Output of vgg16 layer doesn't make sense-CodePudding

I have a vgg16 network without the last max pooling, fully connected and softmax layers. The network summary says that the last layer's output is going to have a size of (batchsize, 512, 14, 14). Putting an image into the network gives me an output of (batchsize, 512, 15, 15). How do I fix this?

import torch
import torch.nn as nn
from torchsummary import summary

vgg16 = torch.hub.load('pytorch/vision:v0.10.0', 'vgg16', pretrained=True)
vgg16withoutLastFewLayers = nn.Sequential(*list(vgg16.children())[:-2][0][0:30]).cuda()

image = torch.zeros((1,3,244,244)).cuda()
output = vgg16withoutLastFewLayers(image)

summary(vgg16withoutLastFewLayers, (3,224,224))
print(output.shape)

----------------------------------------------------------------
        Layer (type)               Output Shape         Param #
================================================================
            Conv2d-1         [-1, 64, 224, 224]           1,792
              ReLU-2         [-1, 64, 224, 224]               0
            Conv2d-3         [-1, 64, 224, 224]          36,928
              ReLU-4         [-1, 64, 224, 224]               0
         MaxPool2d-5         [-1, 64, 112, 112]               0
            Conv2d-6        [-1, 128, 112, 112]          73,856
              ReLU-7        [-1, 128, 112, 112]               0
            Conv2d-8        [-1, 128, 112, 112]         147,584
              ReLU-9        [-1, 128, 112, 112]               0
        MaxPool2d-10          [-1, 128, 56, 56]               0
           Conv2d-11          [-1, 256, 56, 56]         295,168
             ReLU-12          [-1, 256, 56, 56]               0
           Conv2d-13          [-1, 256, 56, 56]         590,080
             ReLU-14          [-1, 256, 56, 56]               0
           Conv2d-15          [-1, 256, 56, 56]         590,080
             ReLU-16          [-1, 256, 56, 56]               0
        MaxPool2d-17          [-1, 256, 28, 28]               0
           Conv2d-18          [-1, 512, 28, 28]       1,180,160
             ReLU-19          [-1, 512, 28, 28]               0
           Conv2d-20          [-1, 512, 28, 28]       2,359,808
             ReLU-21          [-1, 512, 28, 28]               0
           Conv2d-22          [-1, 512, 28, 28]       2,359,808
             ReLU-23          [-1, 512, 28, 28]               0
        MaxPool2d-24          [-1, 512, 14, 14]               0
           Conv2d-25          [-1, 512, 14, 14]       2,359,808
             ReLU-26          [-1, 512, 14, 14]               0
           Conv2d-27          [-1, 512, 14, 14]       2,359,808
             ReLU-28          [-1, 512, 14, 14]               0
           Conv2d-29          [-1, 512, 14, 14]       2,359,808
             ReLU-30          [-1, 512, 14, 14]               0
================================================================
torch.Size([1, 512, 15, 15])

CodePudding user response：

The output shape should be [512, 14, 14], assuming that the input image is [3, 224, 224]. Your input image size is [3, 244, 244]. For example,

image = torch.zeros((1,3,224,224))
# torch.Size([1, 512, 14, 14])
output = vgg16withoutLastFewLayers(image)
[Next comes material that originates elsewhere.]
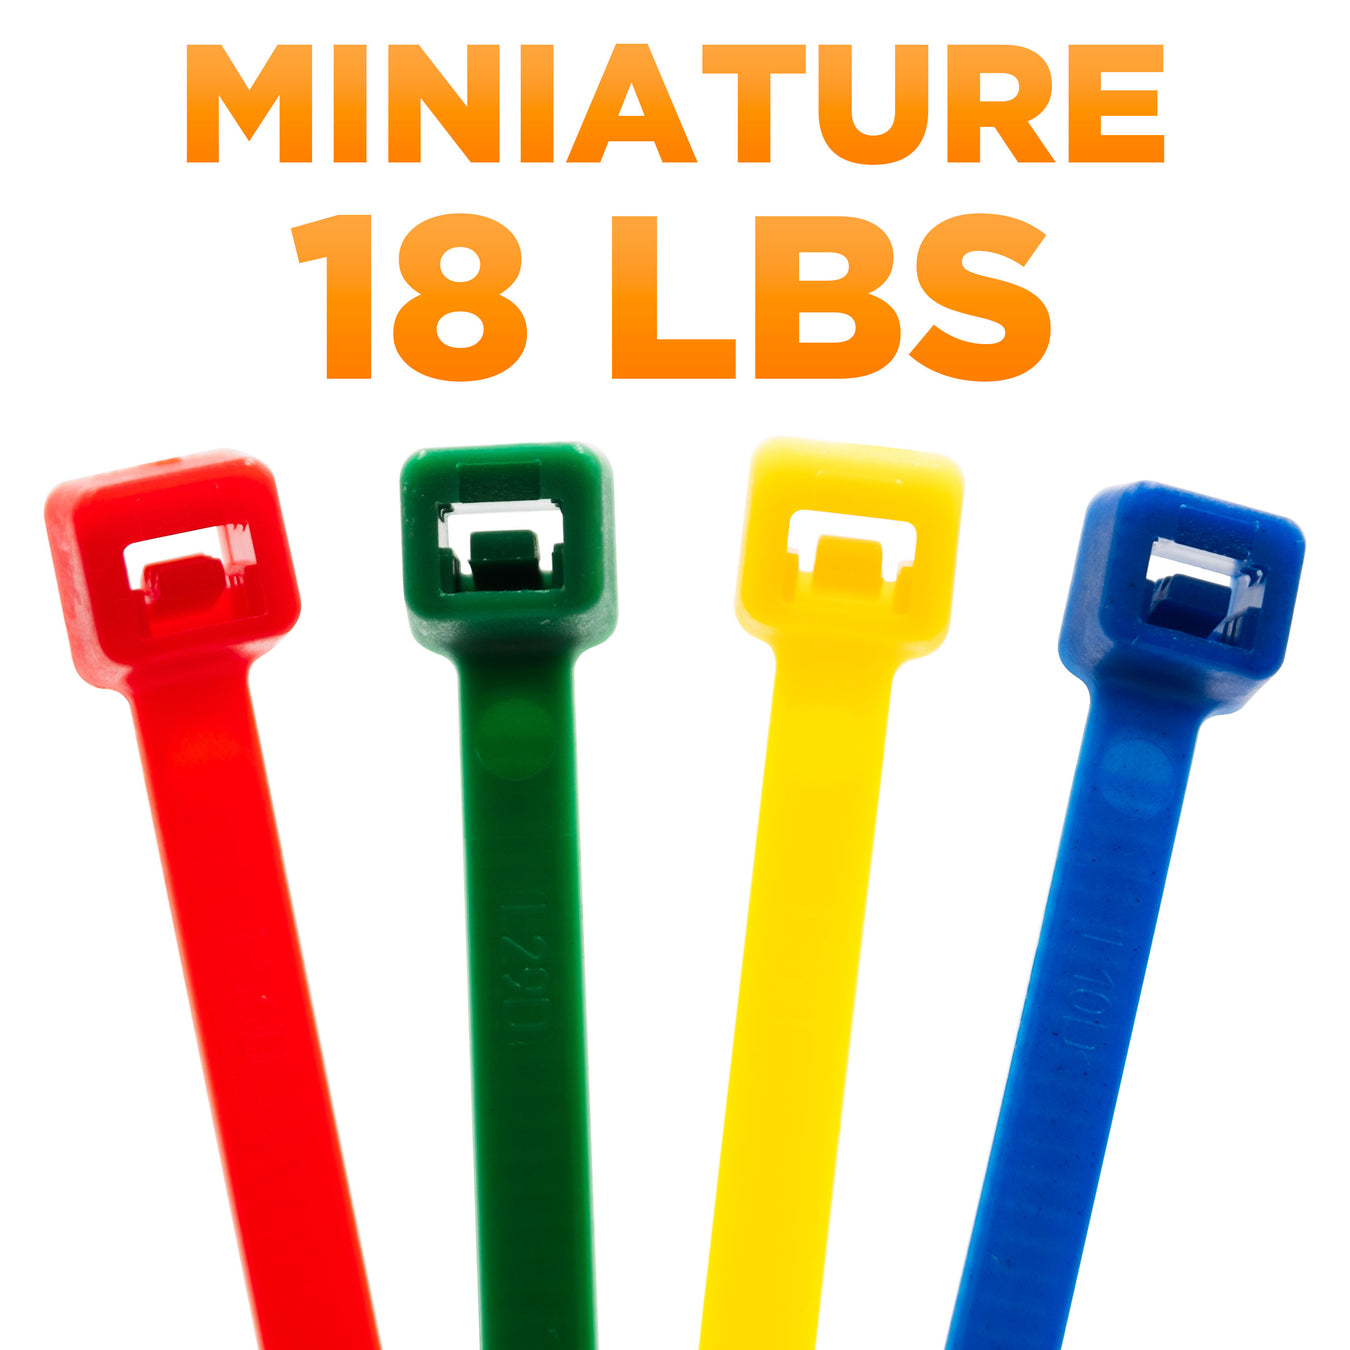 Miniature Cable Ties (18lbs)

Therefore, by increasing the image size, the spatial size [W, H] of your output tensor also increases.

CodePudding user response：

Your input shapes are not the same size...

image = torch.zeros((1,3,244,244)).cuda()
output = vgg16withoutLastFewLayers(image)

summary(vgg16withoutLastFewLayers, (3,224,224))
print(output.shape)

Difference: 244 vs 224.

Because those VGG layers are only convolutional layers, when you increase the size of the input image, the output will also be increased in size. This would cause issues if there was a classification head (with no global pooling, etc) was applied directly on top of this as they have fixed-size inputs. You're not doing this, but it's something to keep in mind.